Continuity: Function has no breaks, jumps, or holes. | Differentiability: Function has a derivative at every point (smooth, no sharp corners or vertical tangents).

Removable: Limit exists, but doesn't equal f(c) or f(c) is undefined. | Jump: Left and right limits exist, but are not equal.

Continuous: Satisfies all three conditions for continuity at every point in its domain. | Discontinuous: Fails at least one of the three conditions for continuity at one or more points in its domain.

Left-hand limit: The value f(x) approaches as x approaches c from the left (x < c). | Right-hand limit: The value f(x) approaches as x approaches c from the right (x > c).

Continuity at a point: Function satisfies the three conditions for continuity at a specific x-value. | Continuity on an interval: Function is continuous at every point within that interval.

Rational function: Can have discontinuities where the denominator is zero. | Polynomial function: Continuous everywhere.

Vertical asymptote: Represents an infinite discontinuity where the function approaches infinity. | Hole: Represents a removable discontinuity where the function is undefined but the limit exists.

Direct substitution: Plug in the value directly into the function. Works for continuous functions. | Limit laws: Apply algebraic rules to simplify and evaluate limits, especially when direct substitution fails.

Intermediate Value Theorem: Guarantees a value between f(a) and f(b) for a continuous function on [a, b]. | Extreme Value Theorem: Guarantees a maximum and minimum value for a continuous function on [a, b].

Definition: Rigorous approach using limits and function values. | Graph: Visual approach identifying breaks, jumps, or holes.

A function f(x) is continuous at x=c if: 1) f(c) is defined, 2) $\lim_{x \to c} f(x)$ exists, and 3) $\lim_{x \to c} f(x) = f(c)$.

A function is discontinuous at x=c if at least one of the three conditions for continuity is not met: f(c) is undefined, $\lim_{x \to c} f(x)$ does not exist, or $\lim_{x \to c} f(x) \neq f(c)$.

The left-hand limit is the value that f(x) approaches as x approaches c from values less than c, denoted as $\lim_{x \to c^-} f(x)$.

The right-hand limit is the value that f(x) approaches as x approaches c from values greater than c, denoted as $\lim_{x \to c^+} f(x)$.

A removable discontinuity occurs when $\lim_{x \to c} f(x)$ exists, but either f(c) is undefined or $\lim_{x \to c} f(x) \neq f(c)$. It can be 'removed' by redefining f(c).

A jump discontinuity occurs when the left-hand limit and the right-hand limit both exist but are not equal: $\lim_{x \to c^-} f(x) \neq \lim_{x \to c^+} f(x)$.

An infinite discontinuity occurs when the function approaches infinity (or negative infinity) as x approaches c from either the left or right, often associated with vertical asymptotes.

An oscillating discontinuity occurs when the function oscillates infinitely many times near a point, preventing the limit from existing.
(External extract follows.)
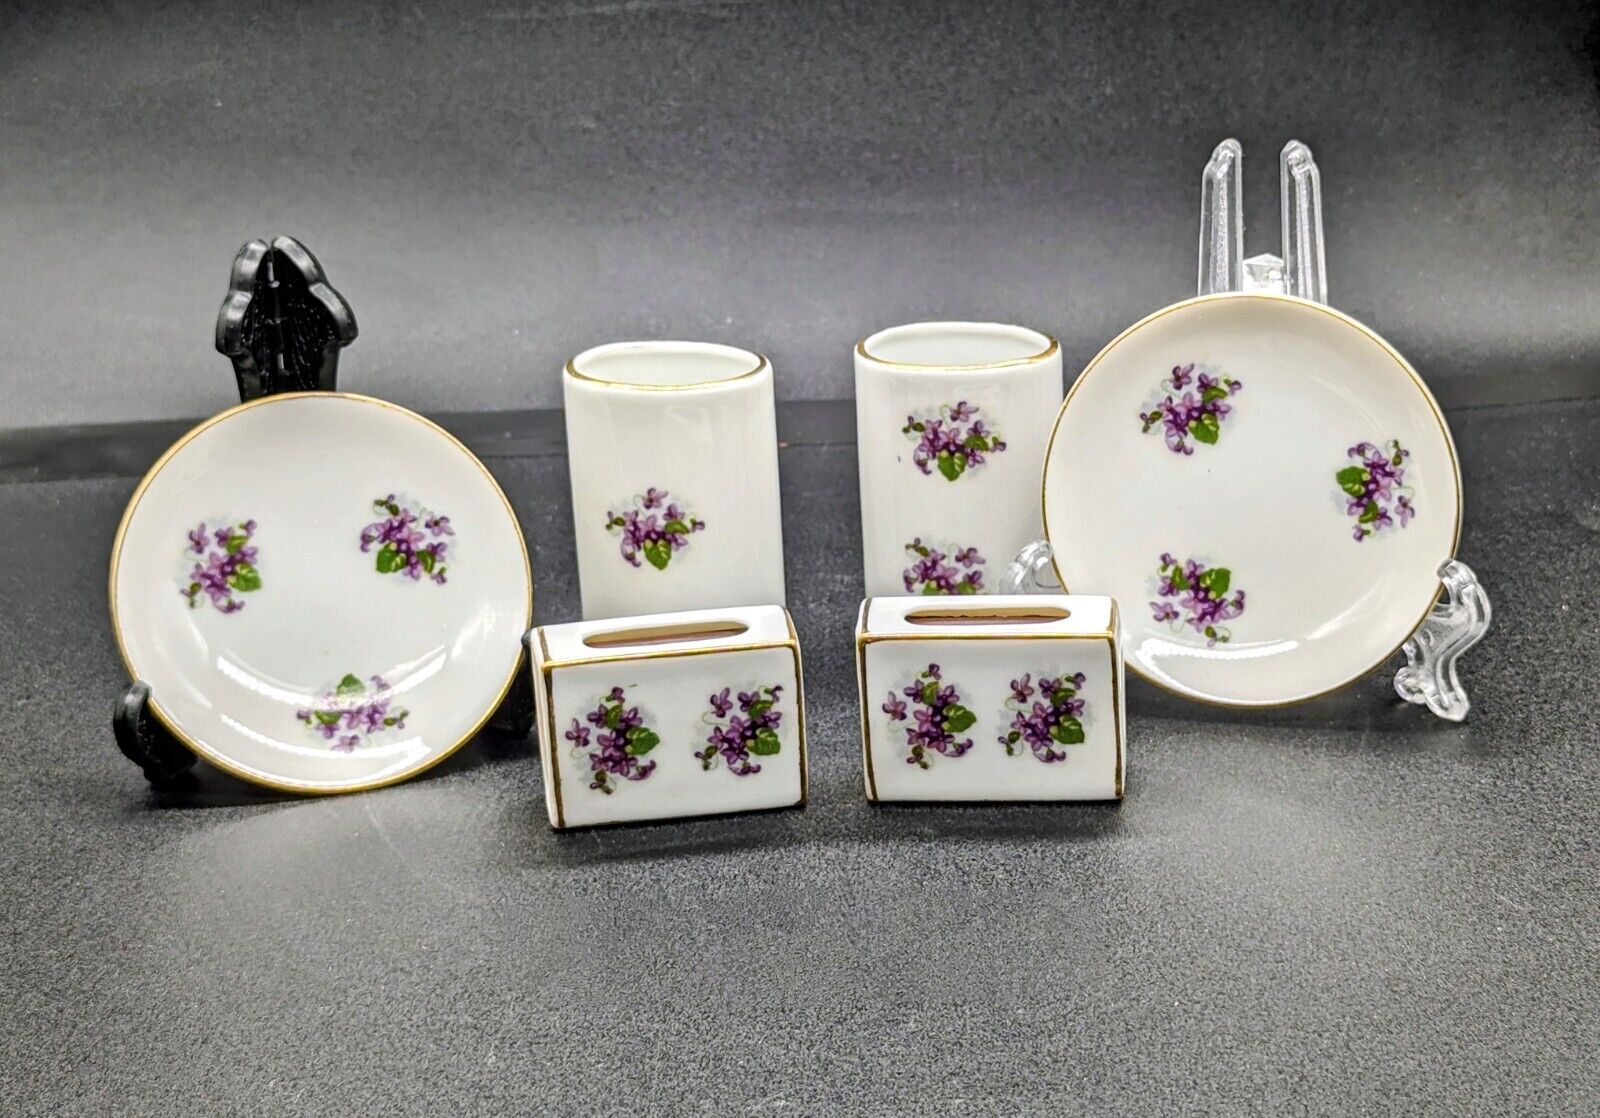 VTG Japan Porcelain Purple Floral Matchbox Holder, Cigarette Holder, & ashtrays 
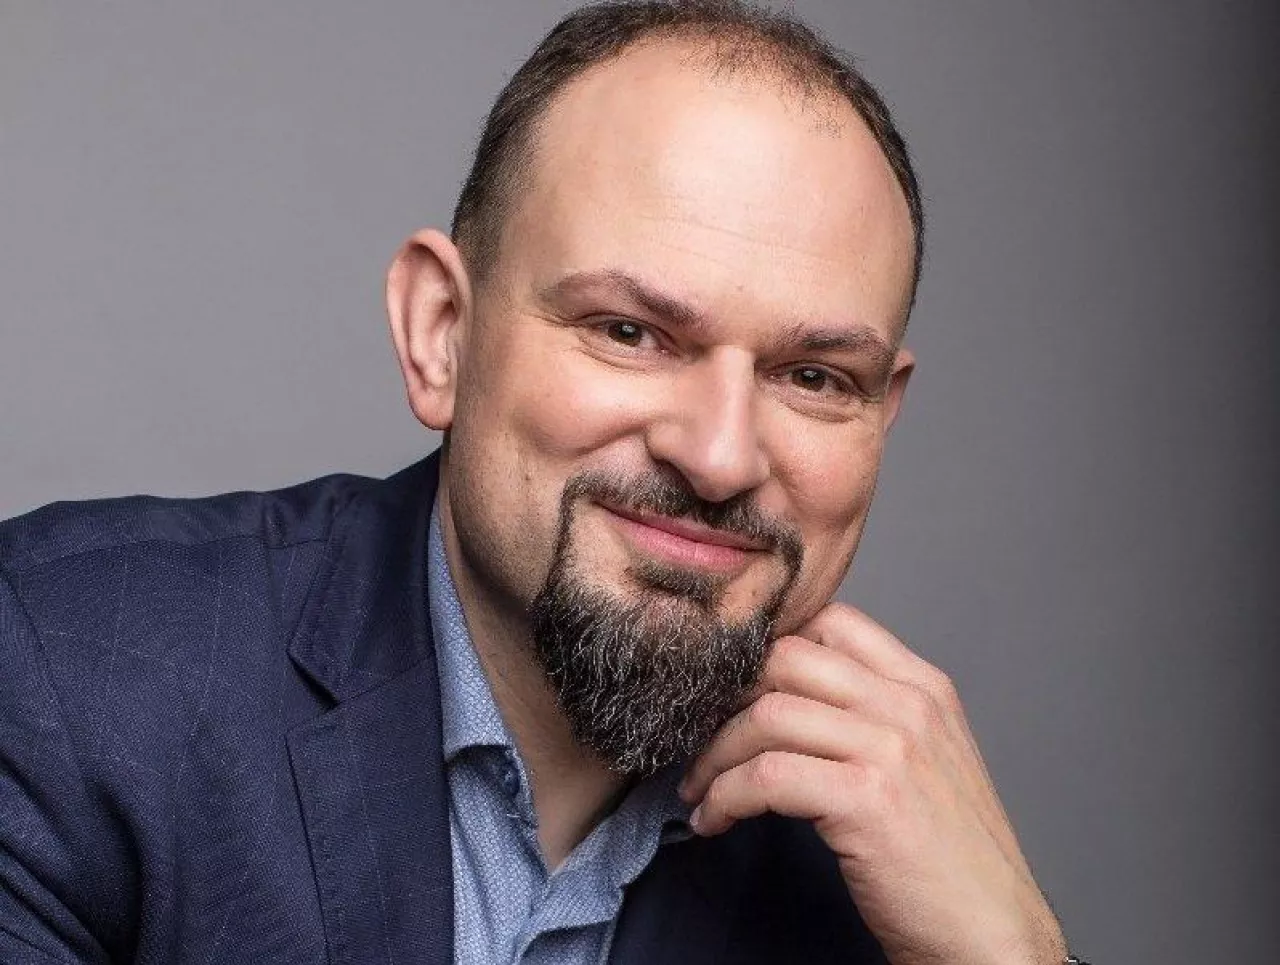 Robert Boguszewski, dyrektor generalny sieci KiK w Polsce (Linkedin.com)

The domain of a function is the set of all possible input values (x-values) for which the function is defined.

The range of a function is the set of all possible output values (y-values) that the function can produce.

Continuity is crucial because it allows us to apply many theorems and techniques, such as the Intermediate Value Theorem and the Mean Value Theorem. It ensures predictable behavior of functions.

Each condition plays a specific role. f(c) being defined ensures there's a value at the point. The limit existing ensures the function approaches a single value. The limit equaling f(c) ensures there's no jump or hole.

For a function to be continuous at a point, the limit at that point must exist. This means the left-hand limit and the right-hand limit must be equal.

Visually, a function is continuous if its graph can be drawn without lifting your pen. There should be no jumps, breaks, or holes in the graph at the point in question.

If a function is differentiable at a point, it must also be continuous at that point. However, the converse is not always true; a function can be continuous but not differentiable (e.g., at a sharp corner).

Rational functions are discontinuous where the denominator is equal to zero, because division by zero is undefined. This creates a vertical asymptote or a hole in the graph.

The Intermediate Value Theorem states that if a function is continuous on a closed interval [a, b], then for any value k between f(a) and f(b), there exists a c in [a, b] such that f(c) = k. Continuity is a requirement for this theorem.

One-sided limits (left-hand and right-hand limits) are crucial for determining continuity at endpoints of intervals or at points where the function's definition changes. For continuity, both one-sided limits must exist and be equal to the function's value at that point.

Continuity is used in physics to model motion, in engineering to design structures, and in economics to analyze market trends. It ensures that models behave predictably and realistically.

Piecewise functions are defined by different expressions on different intervals. Continuity must be checked at the points where the function definition changes to ensure the pieces connect smoothly.